Это история. И история, связанная в первую очередь с периодом Османской империи (которая сделала и много плохого, и много хорошего, как все империи). Для восточных патриархий реальным центром в то время был Константинополь. И все восточные патриархи были в постоянном контакте с Вселенским патриархом. Многие из них постоянно жили в Константинополе, ведь там находились органы центральной власти и решались основные вопросы. Получалось, что власть восточных патриархов была местной, у каждого в своей области, но жили они в гостях у Вселенского патриарха, на его территории. Там и решения принимались. Так что тут нет особенного богословия – это чистая история.
У русских была другая история, нежели та, которую прожили мы. Но для всех славянских церквей Константинополь – это церковь-мать. Кто крестил славян? Миссионеры и епископы Вселенского патриархата, будь они греки, болгары или кто-то еще.
Восточные церкви вроде бы древнее церкви Константинопольской, но слишком многое для них еще в Византии было связано с Вселенскими Сборами, которые в свою очередь связаны именно с Константинопольской церковью. Где решили, что Иерусалимский епископ будет патриархом? На Халкидонском Соборе в 451 году. А где находится Халкидон? Да прямо напротив Константинополя. До этого Иерусалимский епископ несколько столетий подряд подчинялся Кесарийскому митрополиту (сейчас, кстати, нет Кесарийского митрополита). Так что Церковь – это не только писанные законы, это еще и история.
Еще один болезненный вопрос – автокефалия Украинской церкви. Как это видят в Греции?
В Греции это видится иначе, чем в России. В Православной Церкви принцип автокефалий – естественный. Вот греки – небольшой народ, а при этом мы давно живем в пяти автокефальных церквах: Константинопольской, Элладской, Кипрской, Александрийской и Иерусалимской.
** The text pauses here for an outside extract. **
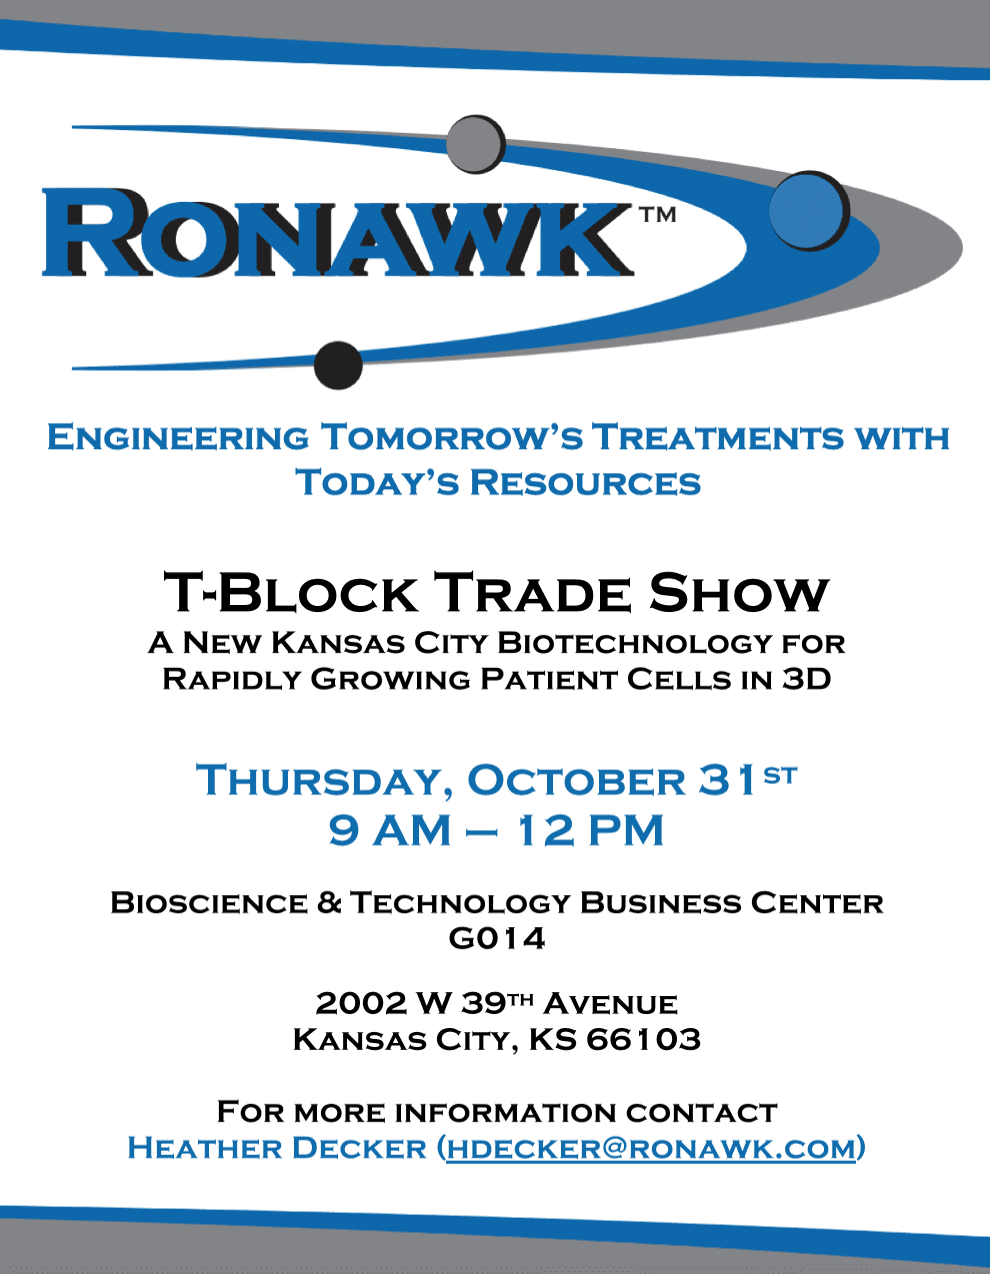 Ronawk host Q4 '19 T-Block Trade Show 24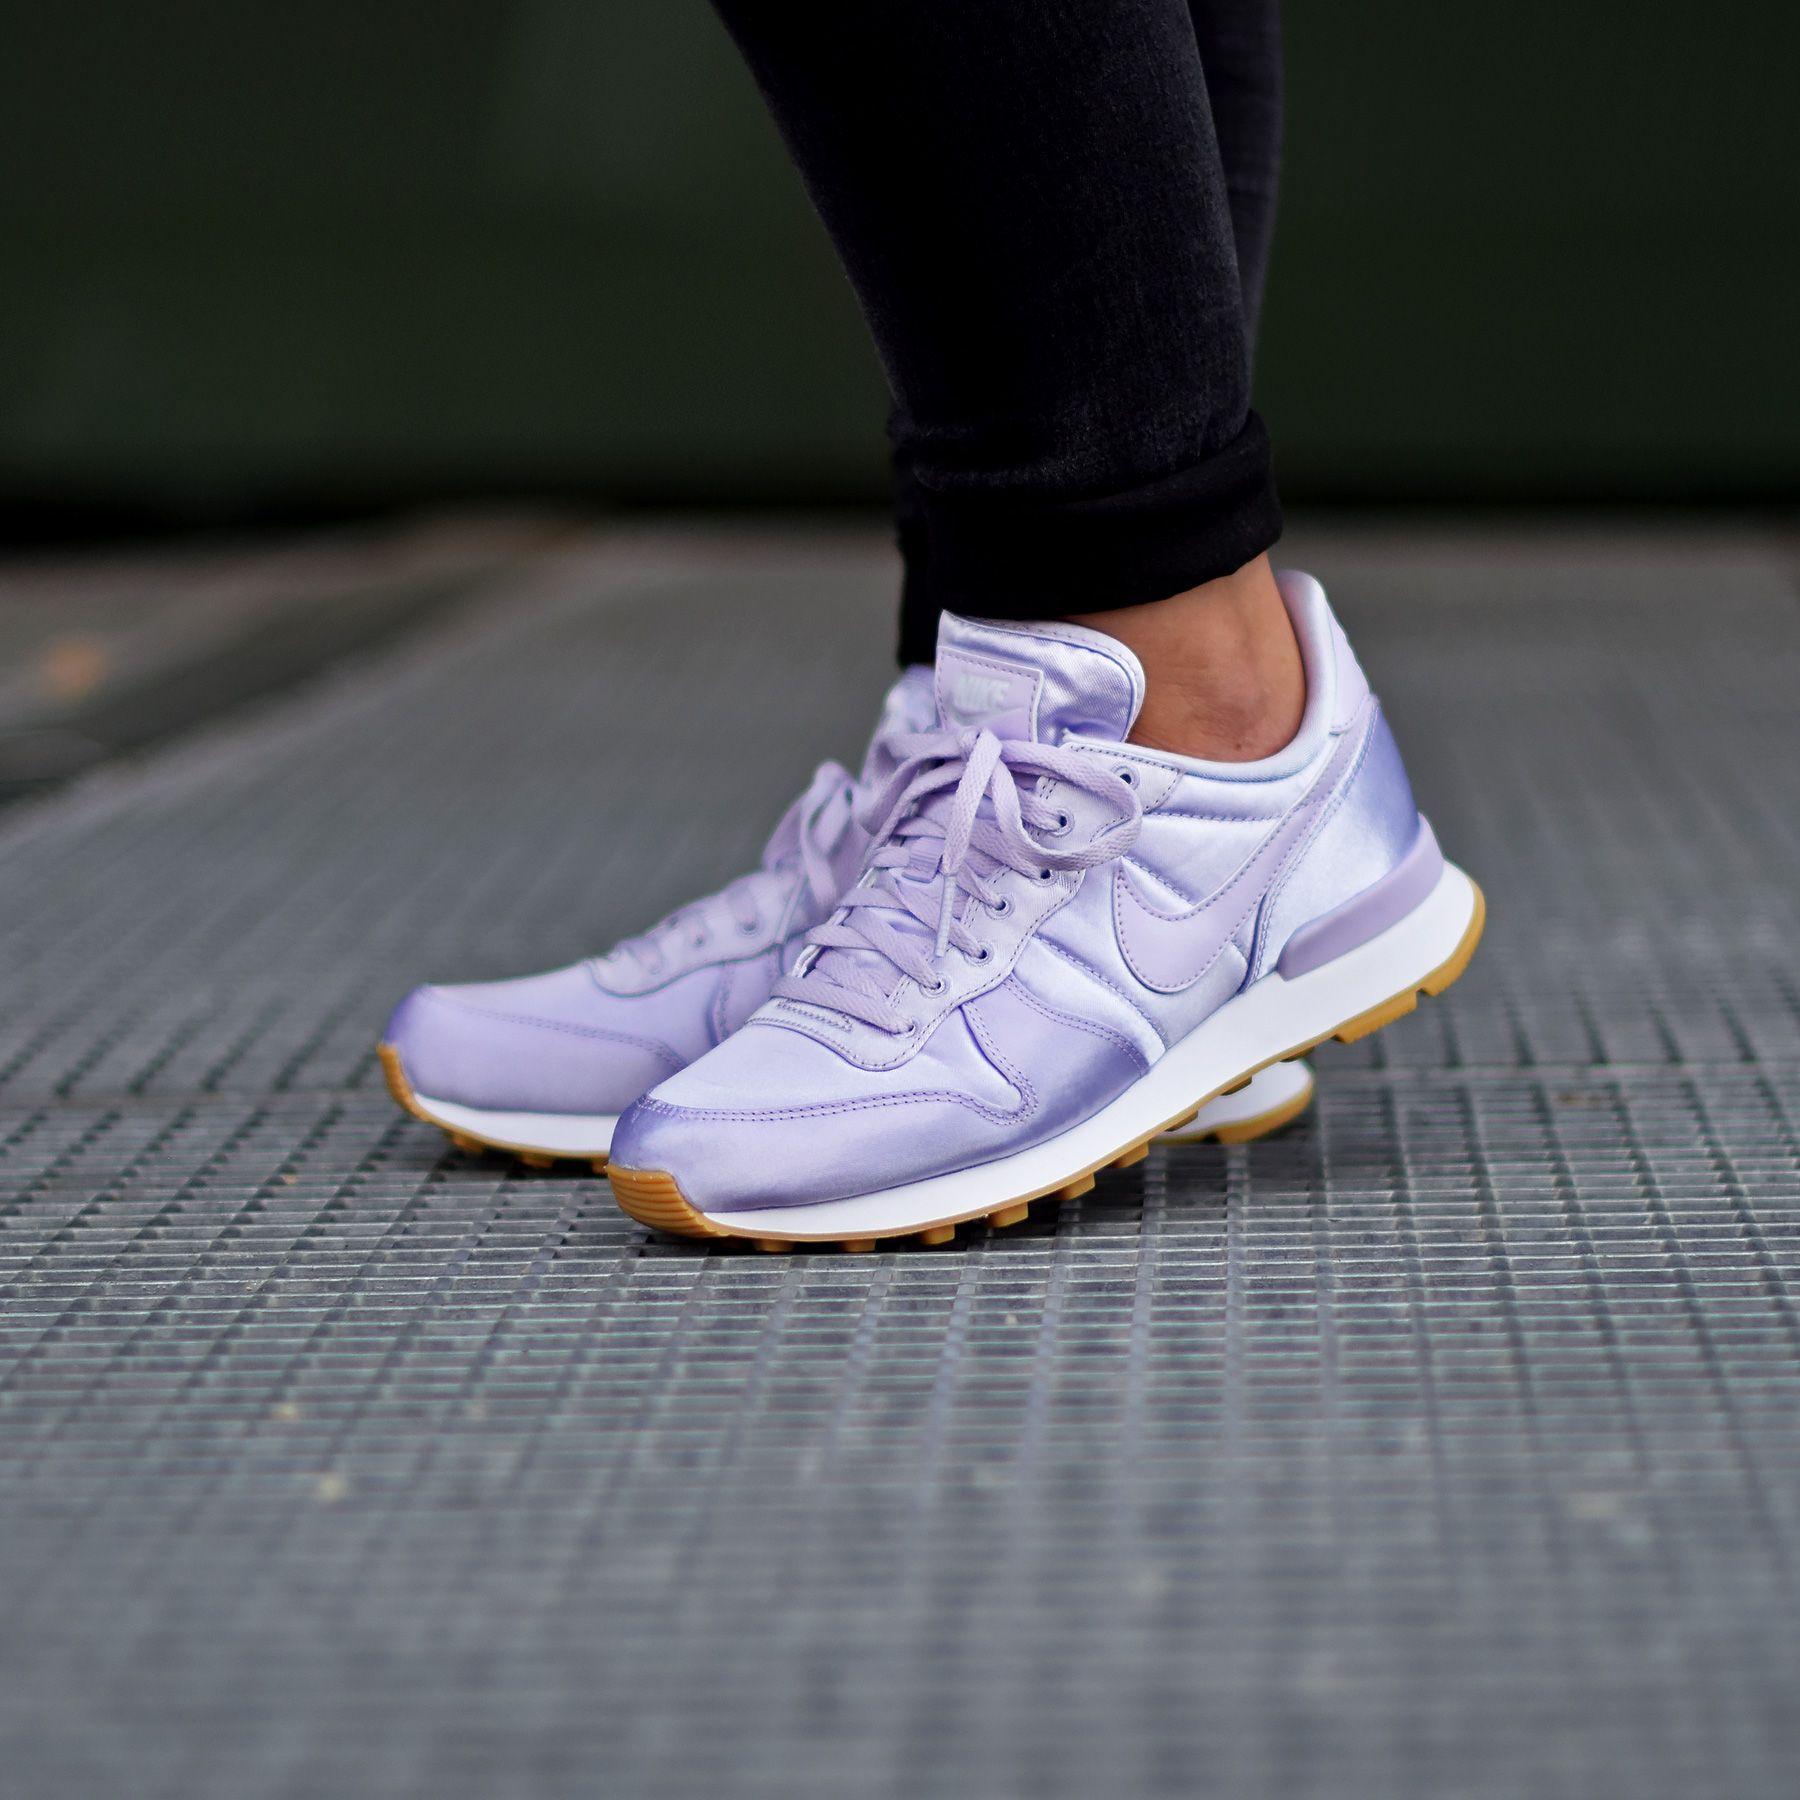 Nike W Internationalist Satin - Barely

И что, это мешает братству? Или даже хорошему взаимодействию между церквами? Нет, конечно. Как есть много епархий, так немало и автокефальных церквей. Нам что, надо всю церковь превратить в одну епархию, чтобы мирно жить? Нет, конечно. Поэтому, когда мне русские или украинцы говорят, что автокефалия, скажем, Украинской церкви – это «неспасительно», то для меня это какое-то новое богословие. Автокефалия в большой стране или в большой поместной церкви – это естественно. А православных украинцев – во сколько раз их больше, чем греков, болгар или сербов?
Так что представление о том, что автокефалии не может быть «ни в коем случае», мне кажется чем-то диким. А единство братских народов? Мы с киприотами вообще один народ, а автокефалии или два разных государства нам не мешают. Думаю, они и русским с украинцами не должны мешать. Владыку Онуфрия я очень уважаю и очень люблю. Если бы не он, там многое было бы по-другому.
По поводу практики лишения сана. В прошлом году синод Иерусалимской церкви восстановил в архиерейском достоинстве бывшего Иерусалимского патриарха Иринея. Церковь может восстановить того, кто был сана лишен?
Священнослужитель – это как кран, через который течет вода. Снятие сана – это когда кран перекрывают, а не когда его отламывают. Да, такой священник или епископ лишается права служить, и благодать через него больше не проходит. Но он все равно умрет священником, сколько раз этот кран ни перекрывай, что бы с ним в жизни ни происходило! Хорошо, что наша Церковь вернула бывшего Иерусалимского патриарха Иринея, пока он не умер, и что весь этот конфликт не остался пятном на нашей церковной истории. Церковь опять открыла кран, ранее ею закрытый.
Да, тут важно никого не осуждать.
И никого не славить, пока не увидишь его кончины!